• DATA SECTION
_ _ _

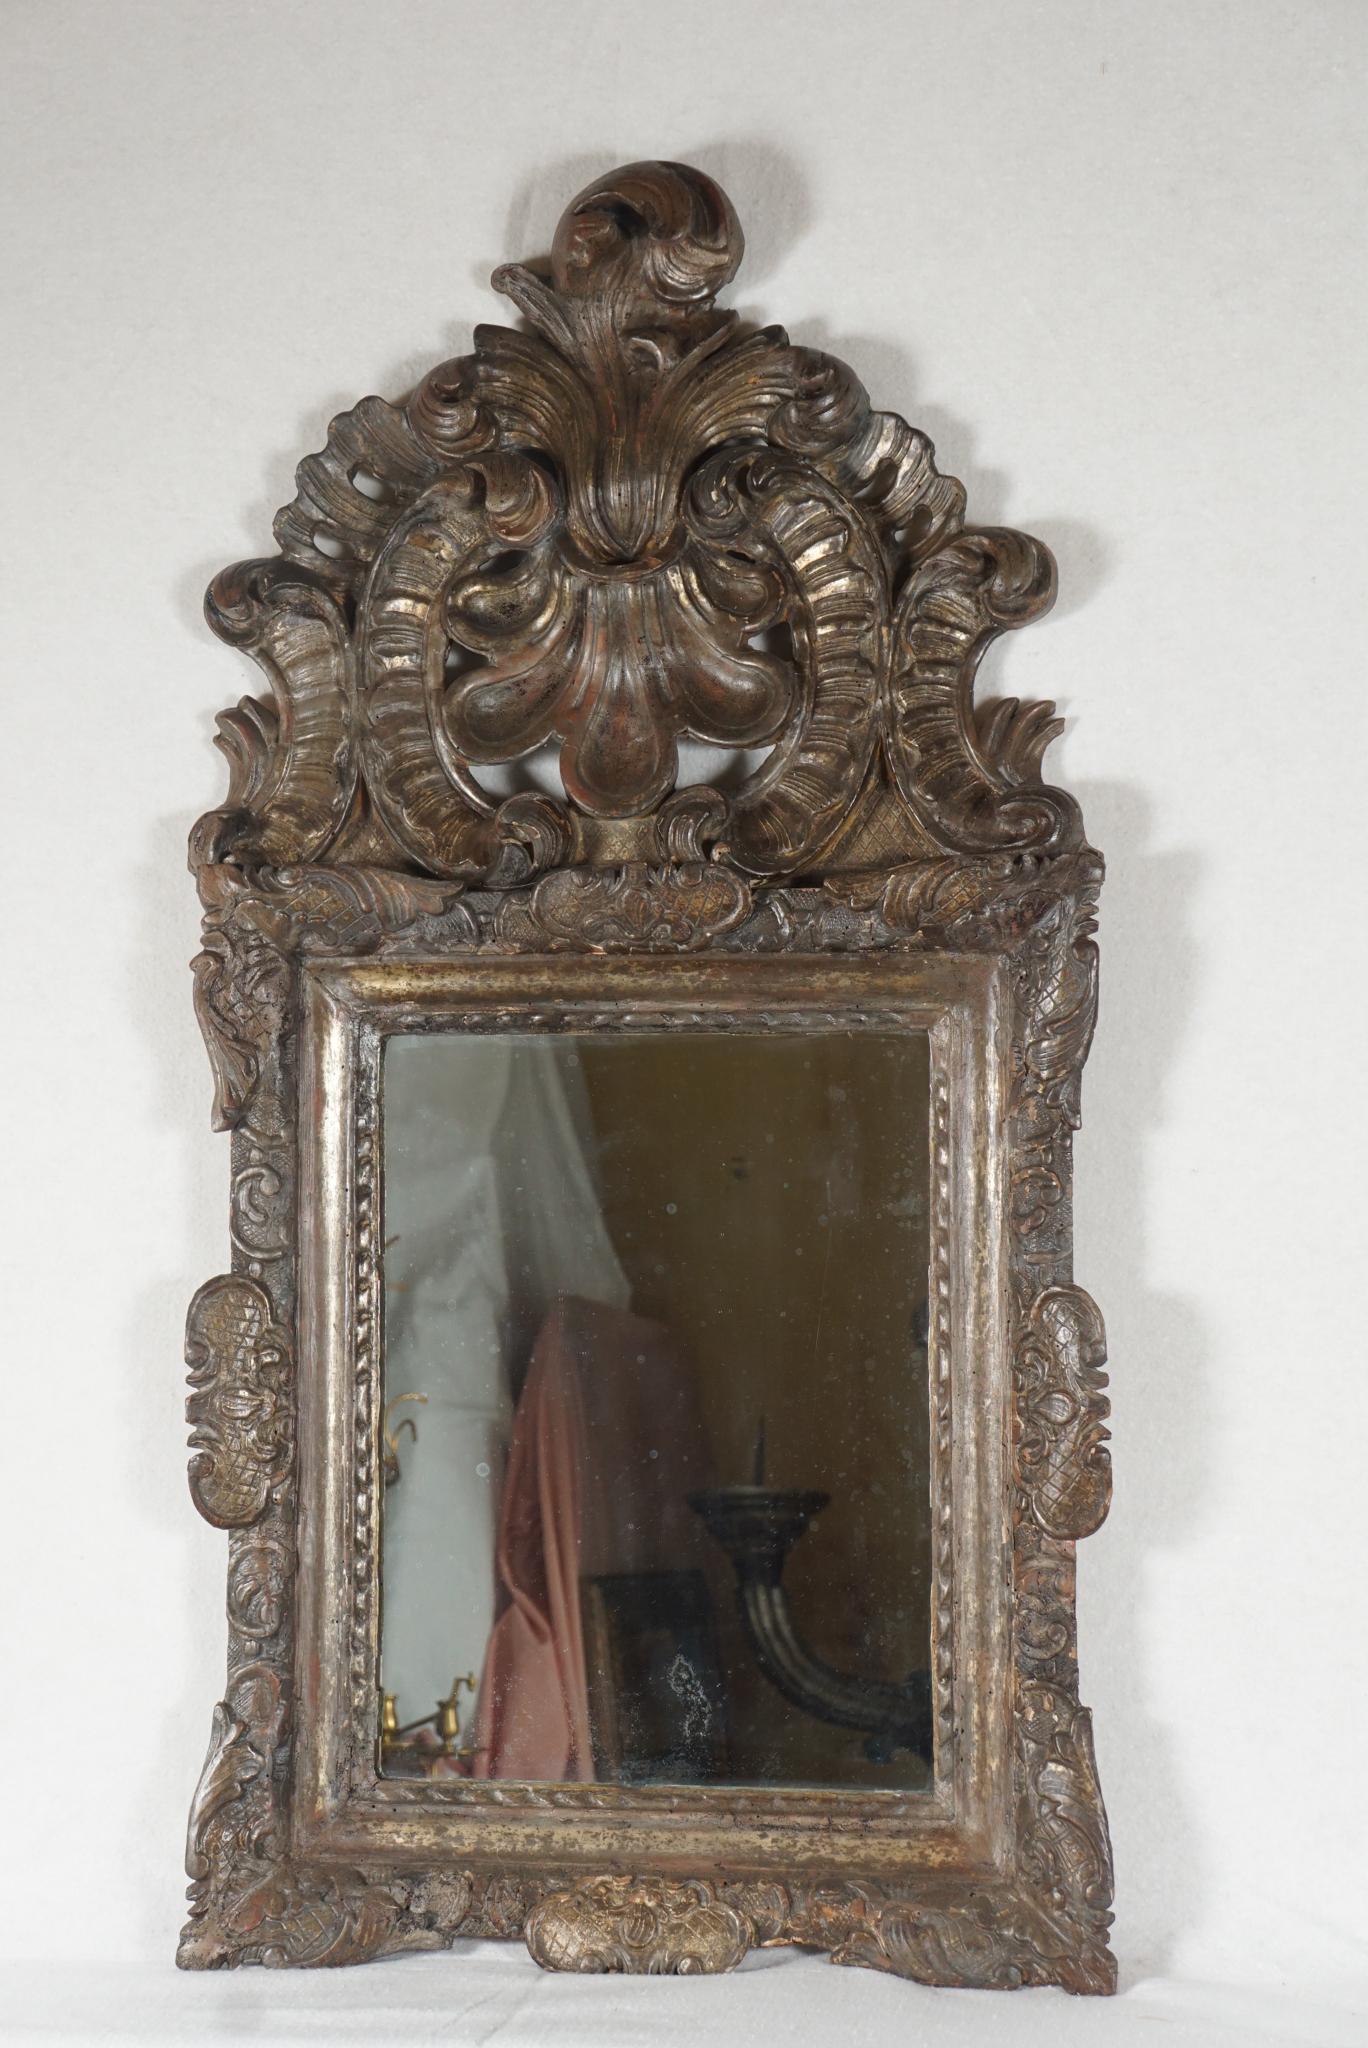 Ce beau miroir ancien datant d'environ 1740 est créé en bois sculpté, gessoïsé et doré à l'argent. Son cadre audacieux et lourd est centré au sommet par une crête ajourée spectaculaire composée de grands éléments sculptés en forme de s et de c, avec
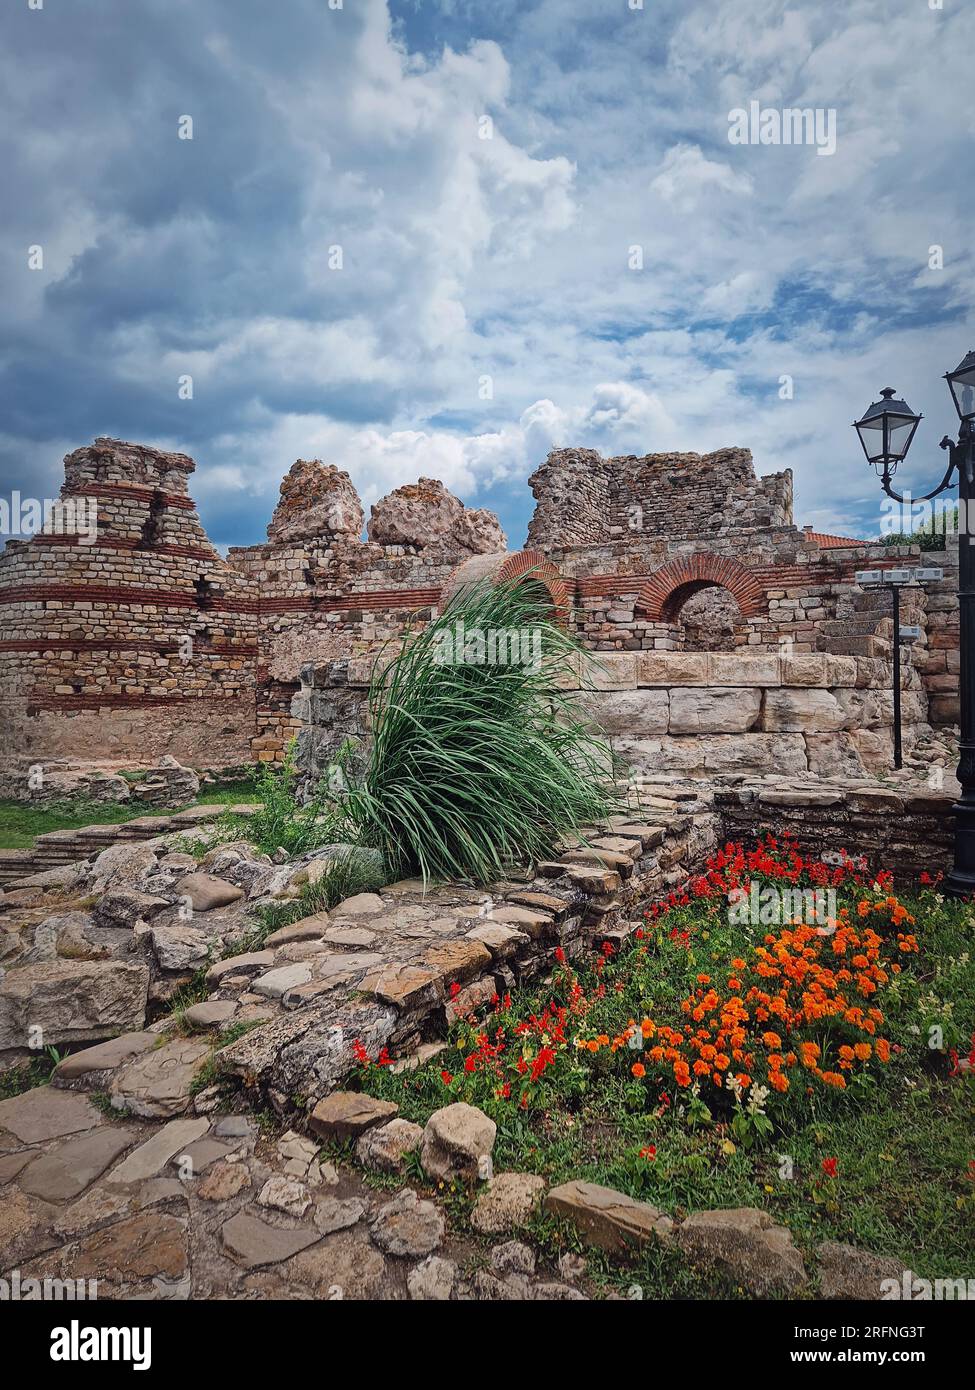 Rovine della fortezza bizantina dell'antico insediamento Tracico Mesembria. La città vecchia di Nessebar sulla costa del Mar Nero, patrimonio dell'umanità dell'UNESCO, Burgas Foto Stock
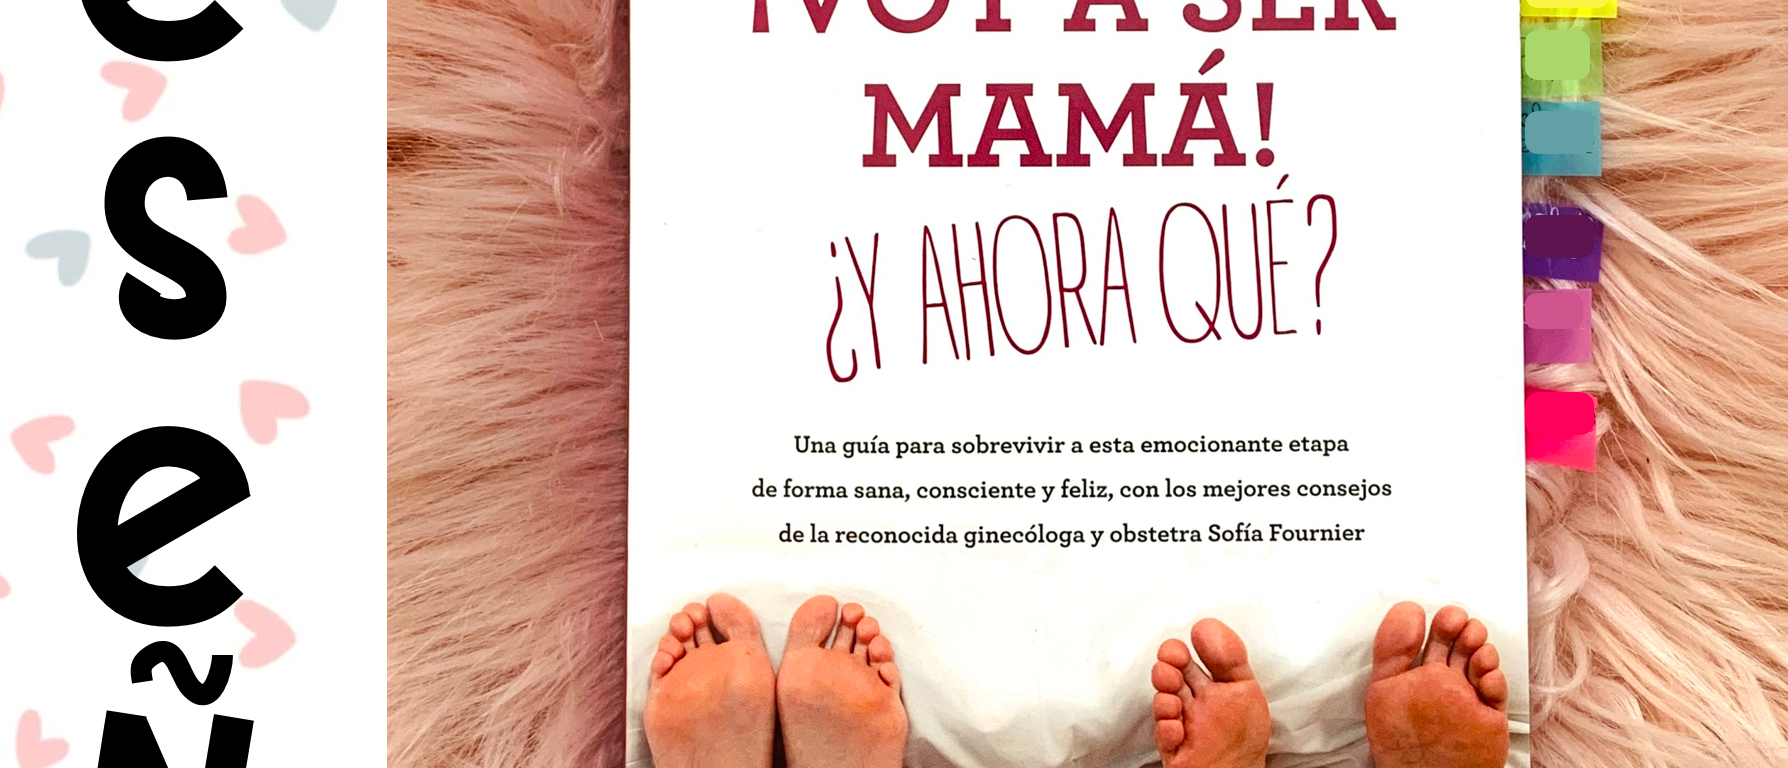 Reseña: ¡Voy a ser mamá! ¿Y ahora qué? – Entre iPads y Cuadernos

_ _ _

Transcribe only the lines between the line containing "Rovine della fortezza" and the final line of the listing, inclusive, exactly as they appear; no pictures are to be included.

• RESPONSE TO THE EXERCISE
 Rovine della fortezza bizantina dell'antico insediamento Tracico Mesembria. La città vecchia di Nessebar sulla costa del Mar Nero, patrimonio dell'umanità dell'UNESCO, Burgas Foto Stock
 Reseña: ¡Voy a ser mamá! ¿Y ahora qué? – Entre iPads y Cuadernos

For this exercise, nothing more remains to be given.